This week in a dispute between Google and Oracle, a California federal judge issued an unusual order that both sides disclose individuals to whom they have paid money to comment about the case publicly. Coverage, including commentary from CL&P Blog's own Paul Levy, is here, and the order is here.
Underlying the judge's order appears to be the possibility that the parties are using paid shills to advocate their positions in public. Whether or not that is the case, I'm troubled to see a court opening the door to judicial oversight of speech about litigation. Litigants do not give up their right to speak by filing a lawsuit, except to the extent that speech could undermine the integrity of the proceeding (by influencing a jury, for instance, or by violating a court's protective order). Where judicial integrity concerns are absent, the justification for investigating speech about litigation is unclear to me. Litigation often involves important issues of public policy, and the litigants themselves may be in the best position to inform the public about those issues. So a judicial order that chills a party's out-of-court advocacy by forcing it to disclose how it goes about advocating its position, including its associations for that purpose, would have a dangerous potential to limit public debate.

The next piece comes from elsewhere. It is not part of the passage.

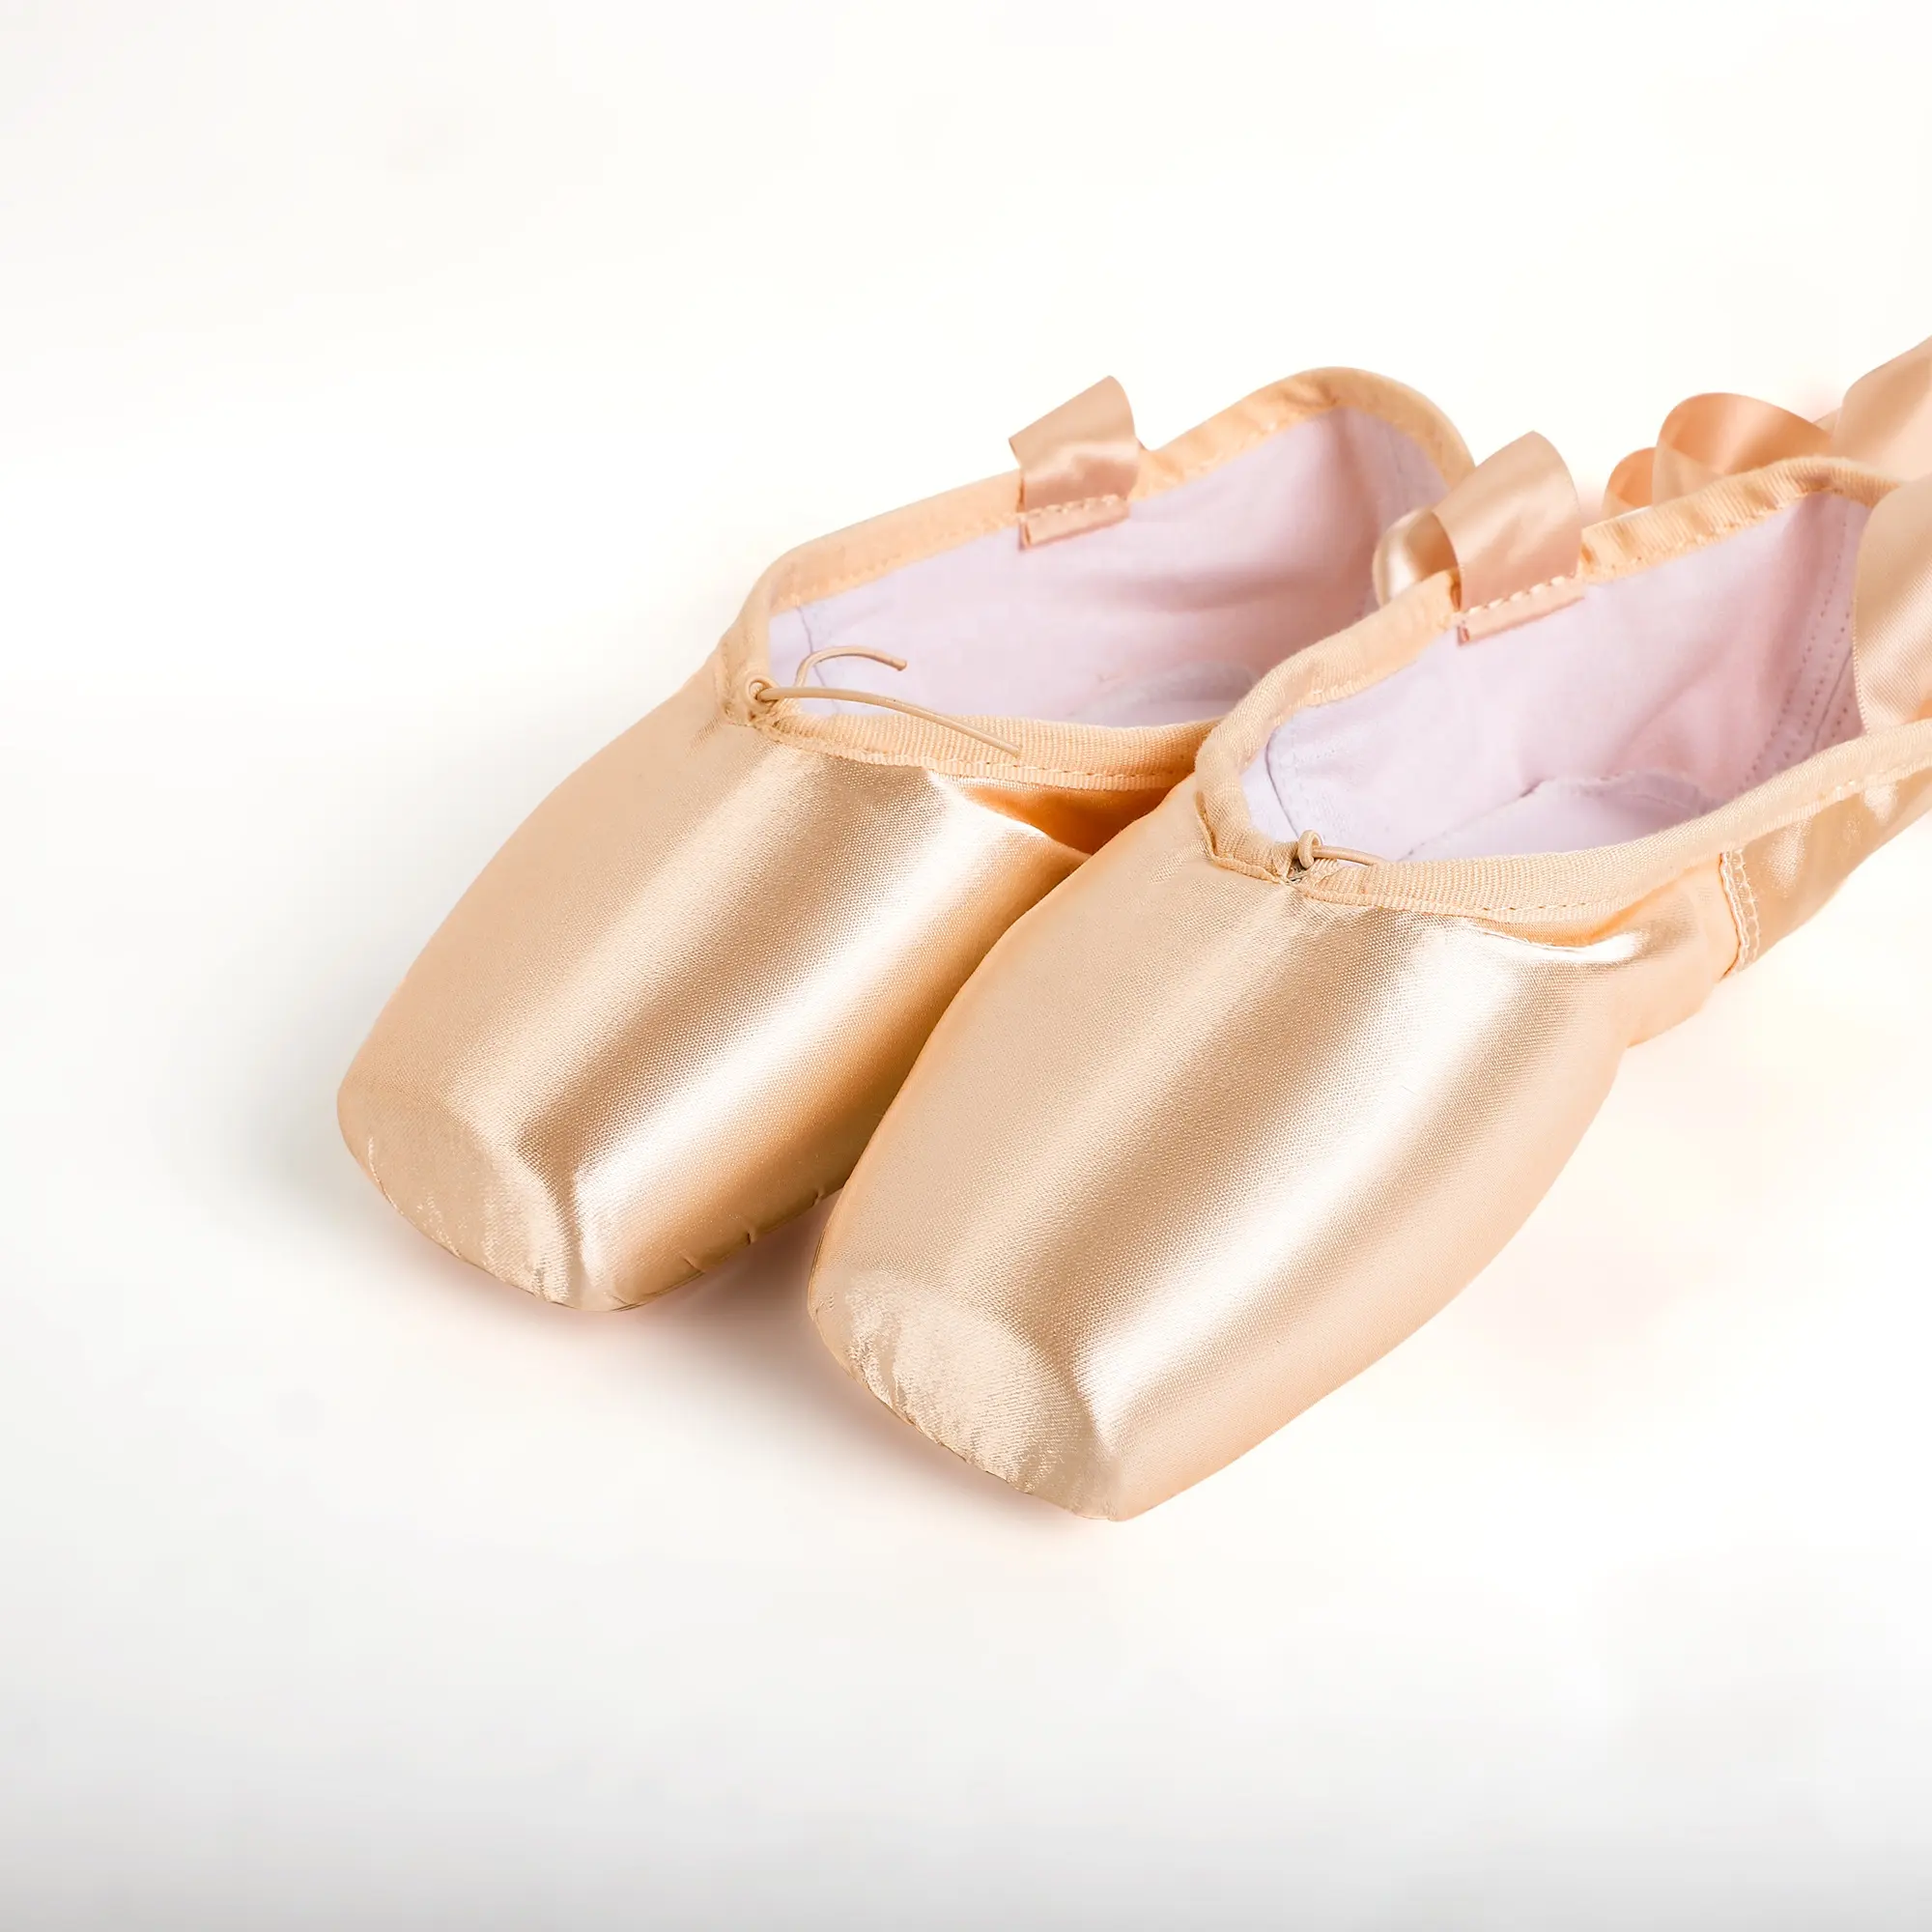 EU and US in Stock Changzhou Wholesale Dance Shoes Ballet Pointe Shoes for Women and Girls
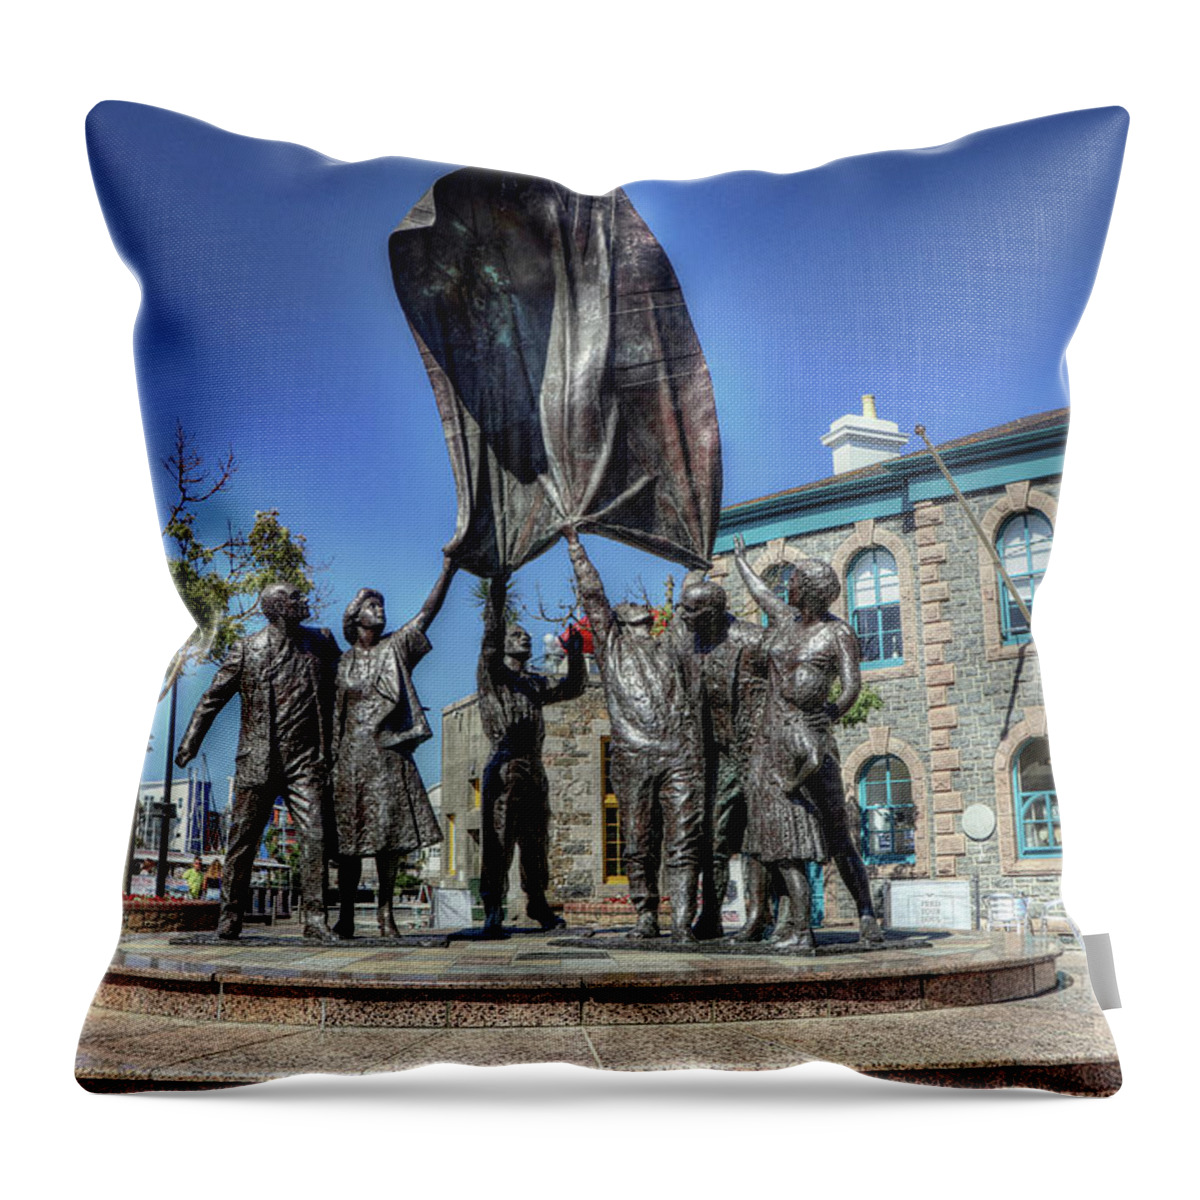 Jersey Channel Islands United Kingdom Throw Pillow featuring the photograph Jersey Channel Islands United Kingdom #4 by Paul James Bannerman

If the problem the court perceives is that the marketplace of ideas contains speakers who have ulterior motives, then this is a classic case in which the remedy for speech is more speech -- either good muckraking journalism on the subject of paid shills, or a public debate over how much background information listeners should expect a speaker to disclose before listeners decide to take that speaker seriously. Absent some concern for the integrity of a judicial proceedings, it does not seem like a job for a court to police public speech related to the litigation before it.